Provided data:
┄┄┄┄┄┄┄┄┄┄

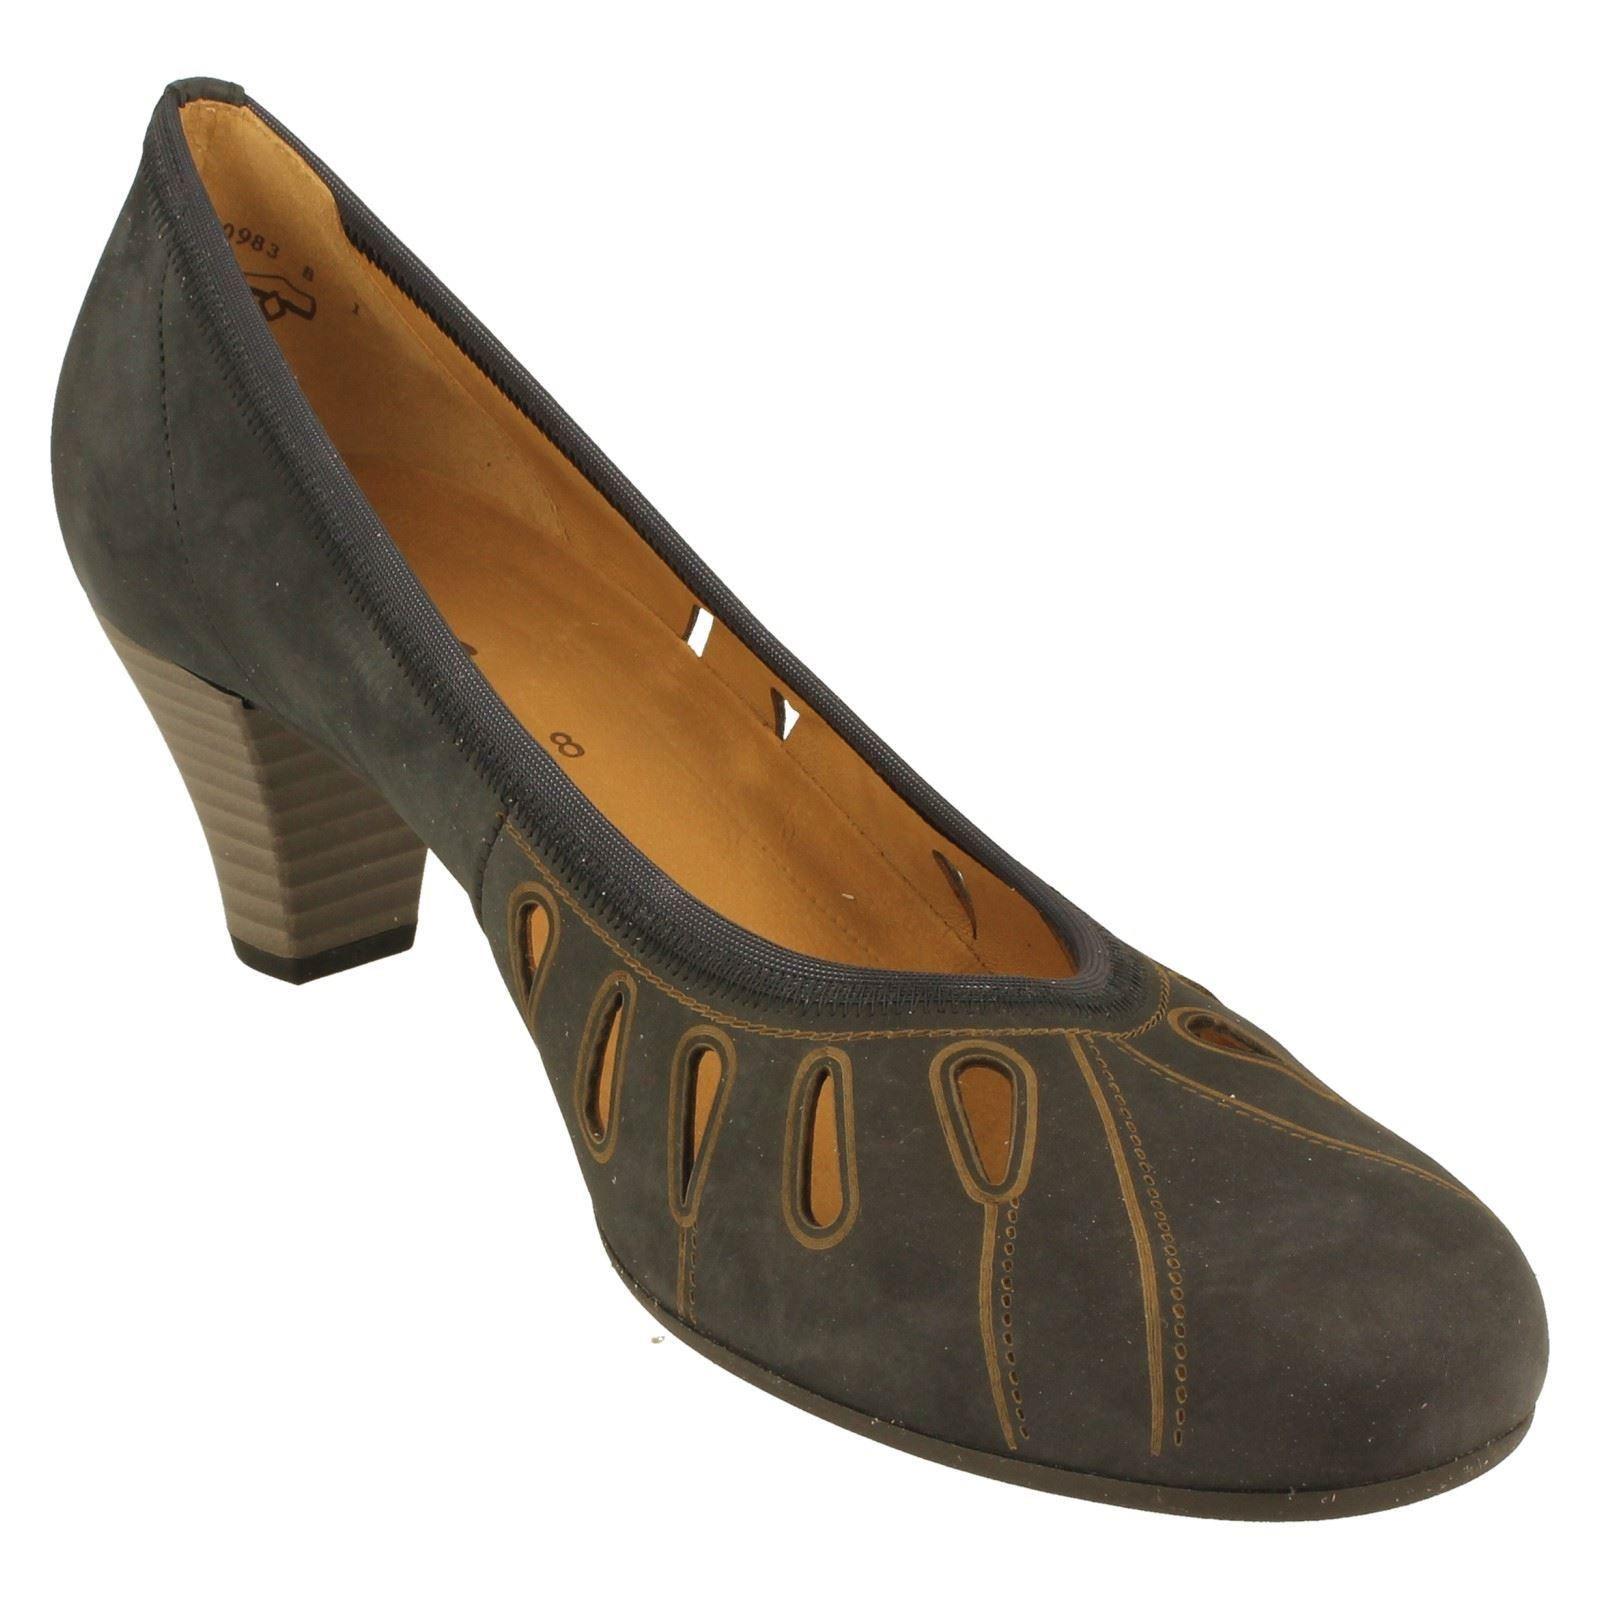 Scarpe eleganti donna Gabor stile 25.487 25.487 25.487 - W d08285
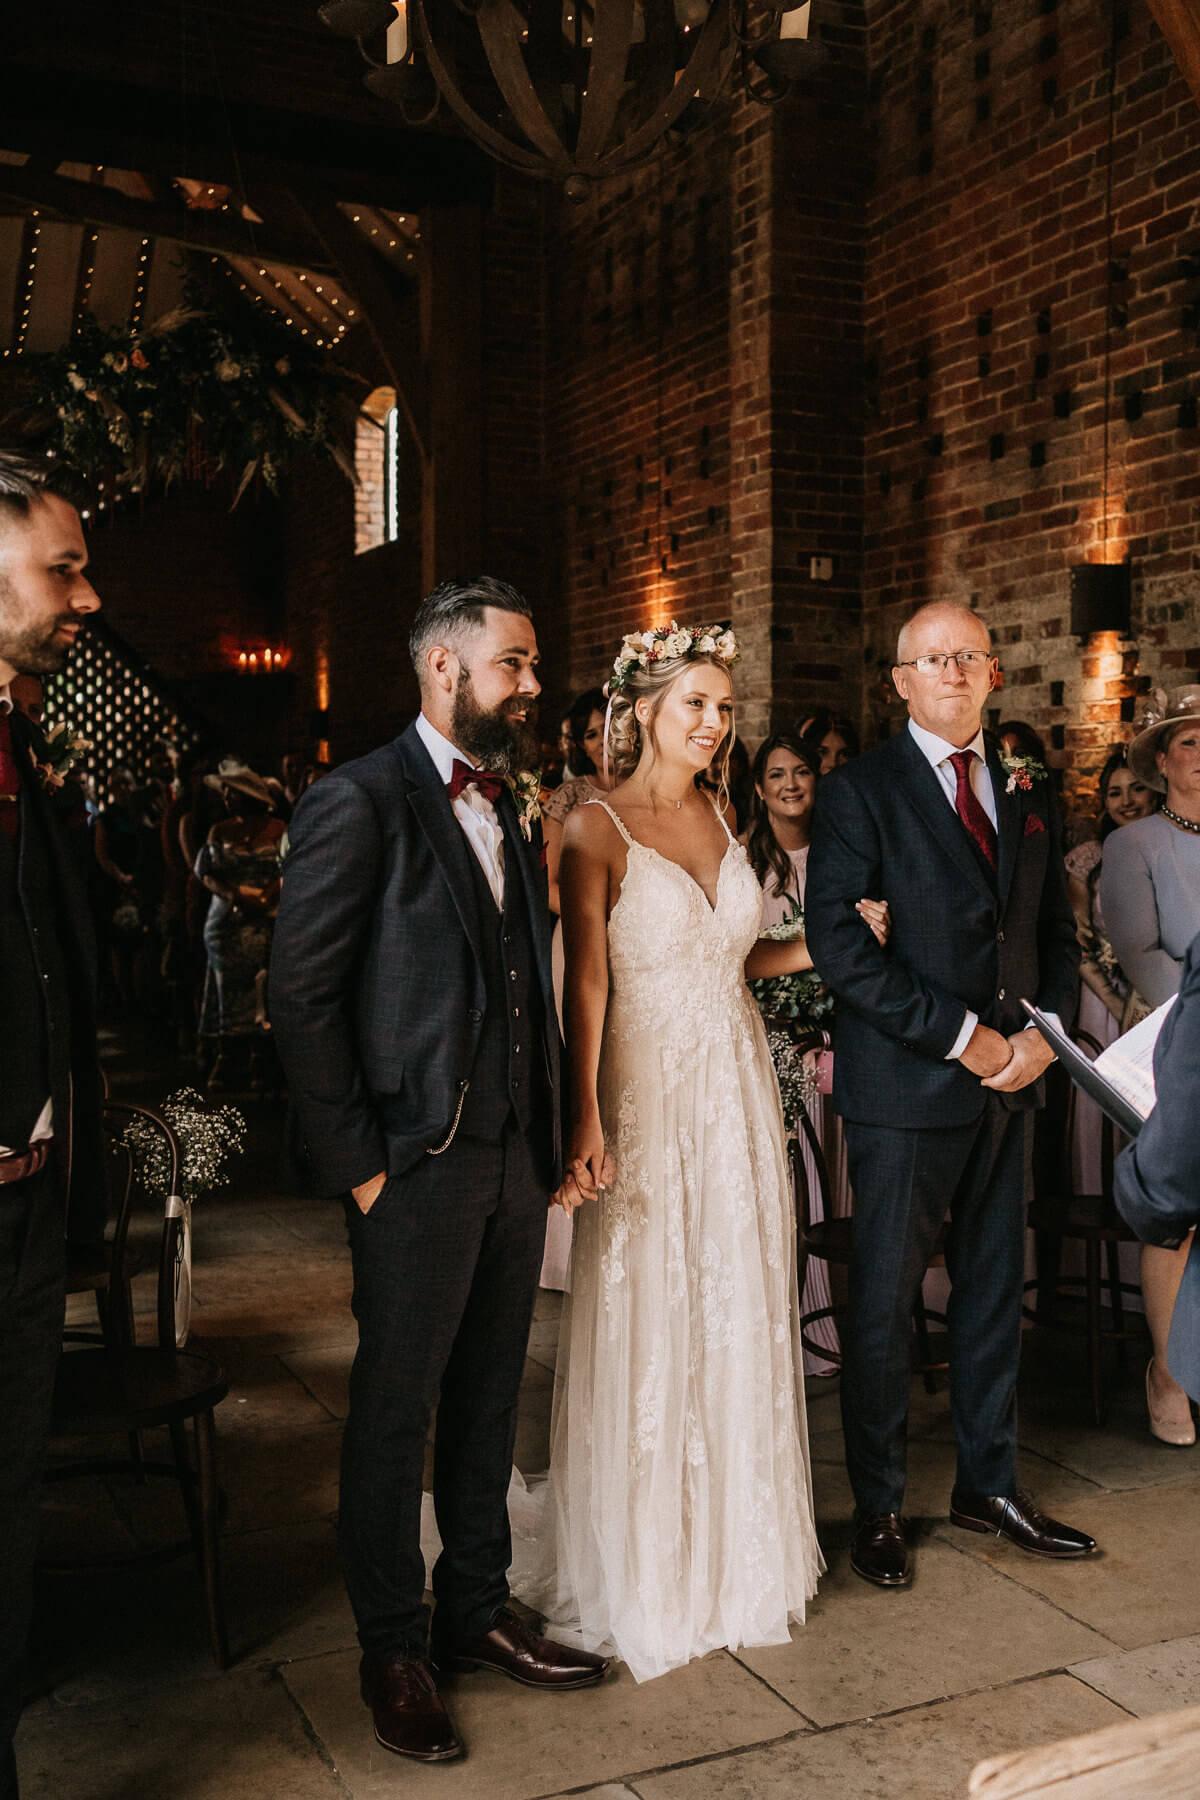 Wedding ceremony at Shustoke Farm Barn
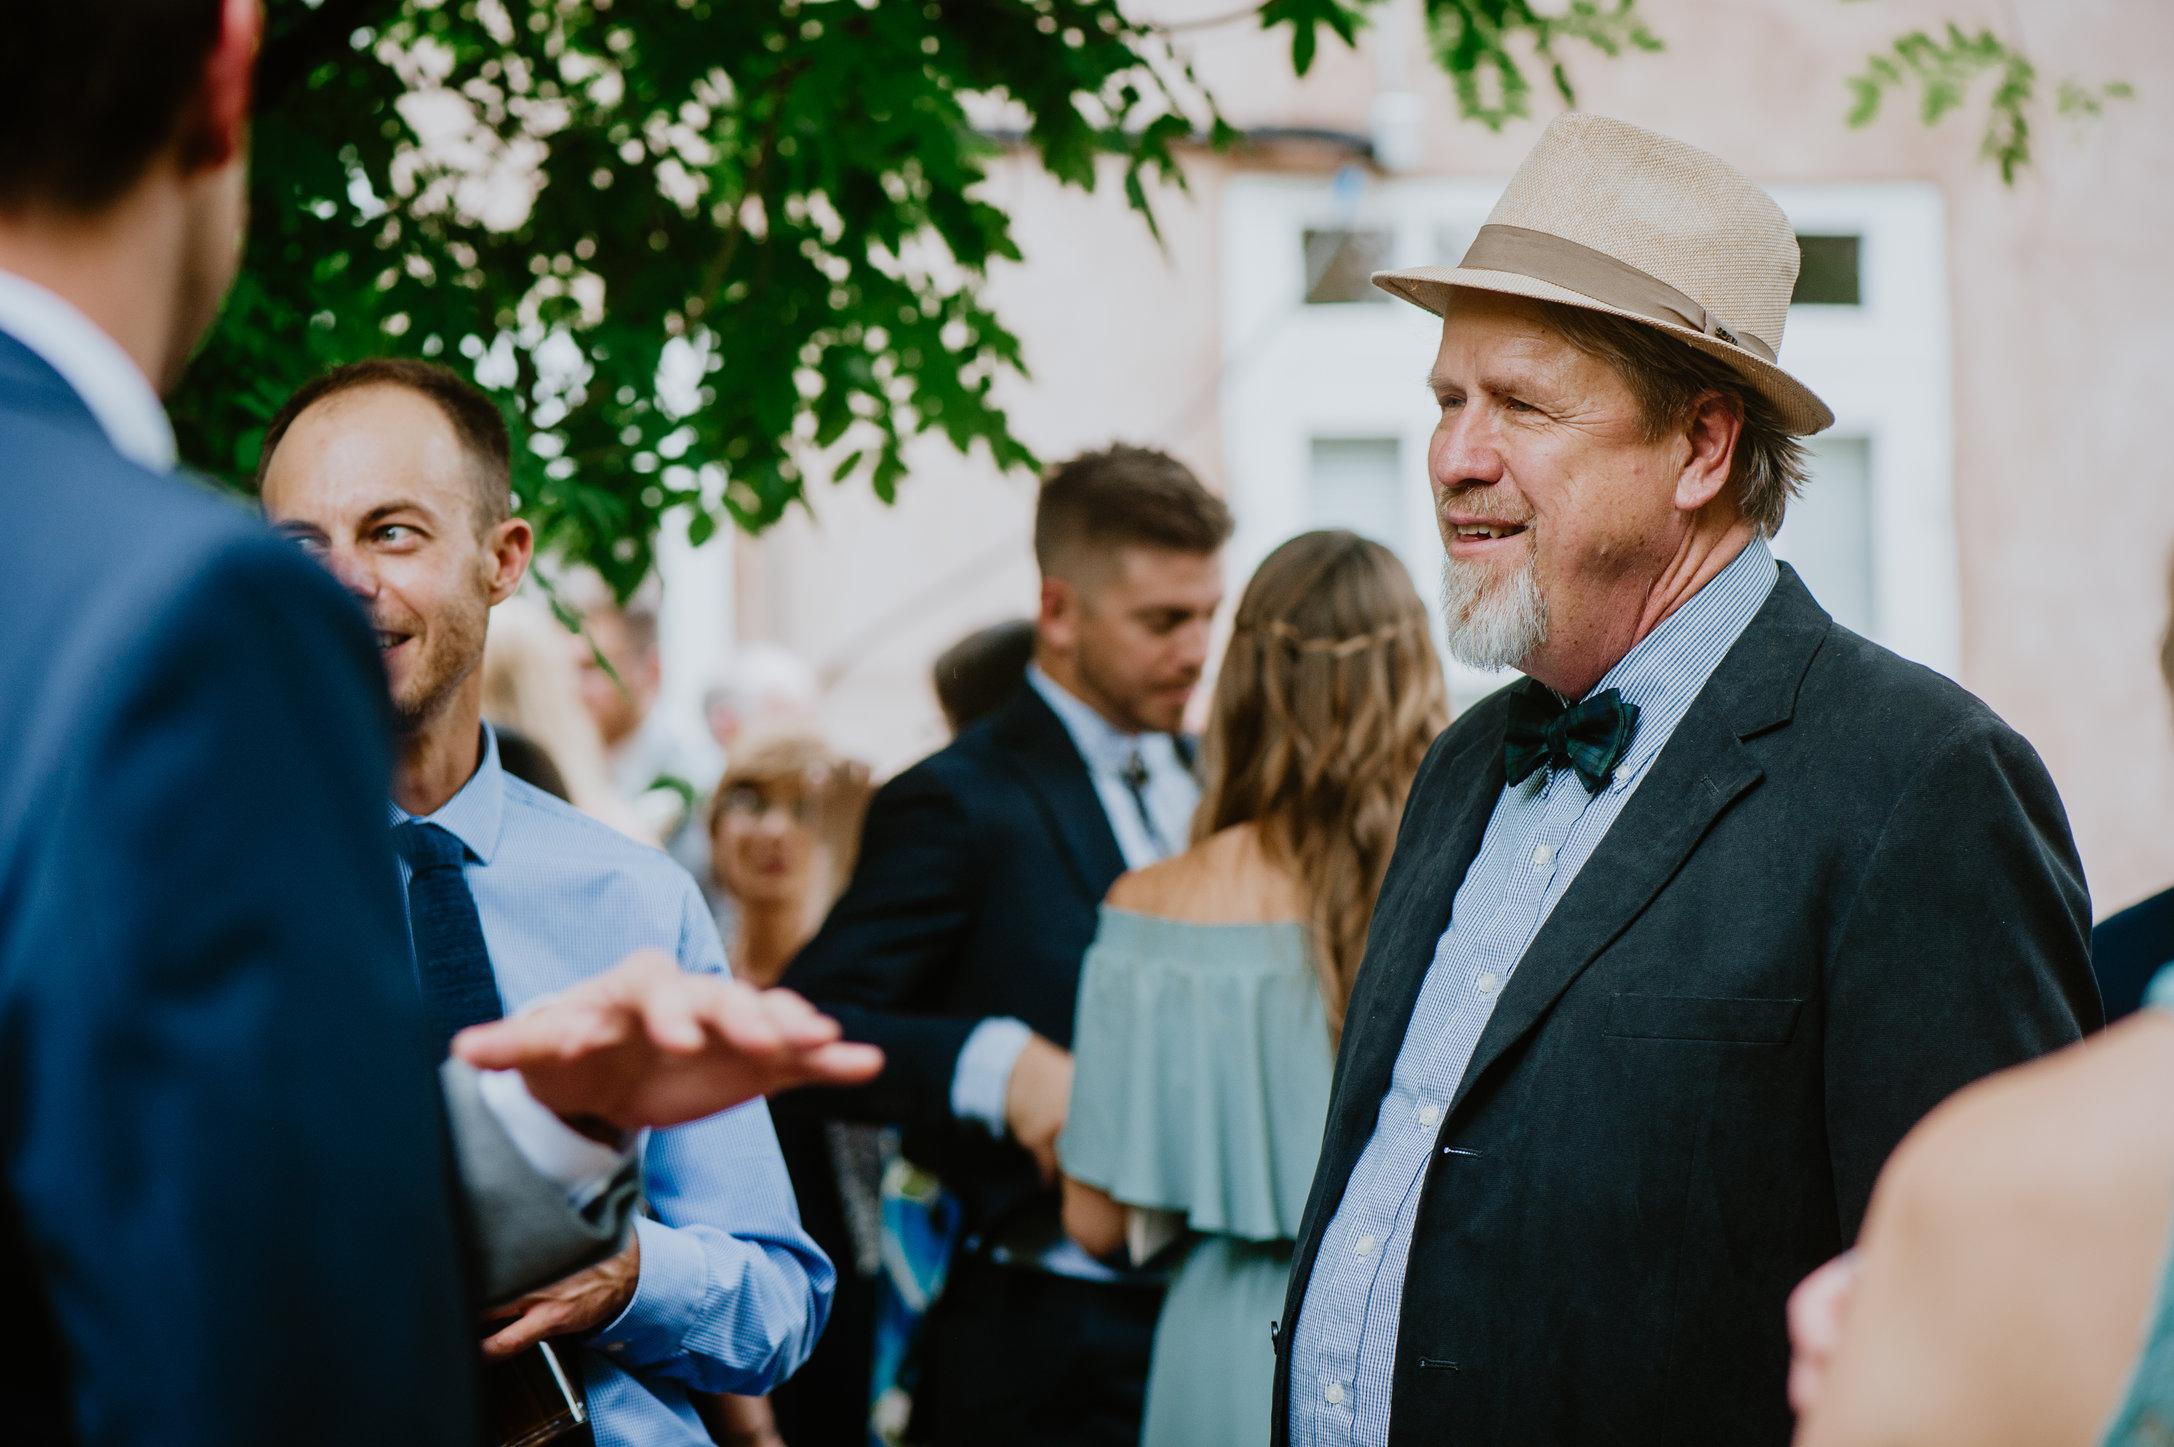 DandA-wedding-363.jpg
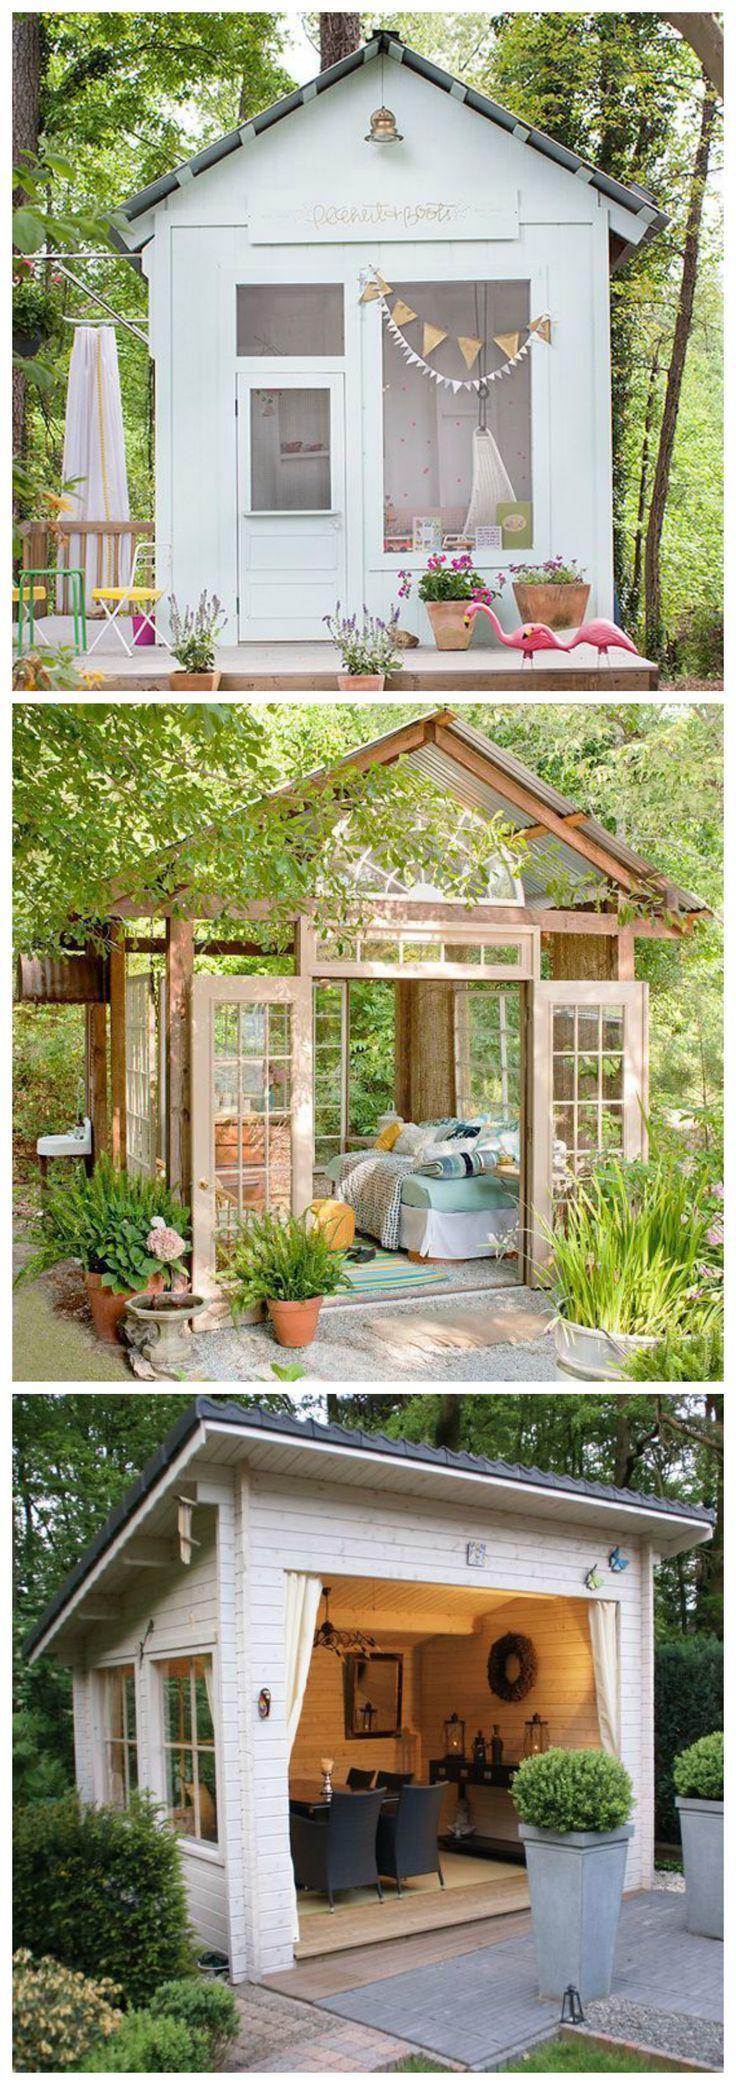 "Incredible Wood Backyard Pavilion Design Ideas Outdoor 1: Stylish ""She Sheds""-8 Incredible Backyard Ideas"

┄┄┄┄┄┄┄┄┄┄

What you have to do:
The copy must start at the line containing "Wedding ceremony at Shustoke Farm Barn" and end at the last line of the data, matching each line exactly. It must hold no pictures.

Result below:
 Wedding ceremony at Shustoke Farm Barn
 DandA-wedding-363.jpg
 "Incredible Wood Backyard Pavilion Design Ideas Outdoor 1: Stylish ""She Sheds""-8 Incredible Backyard Ideas"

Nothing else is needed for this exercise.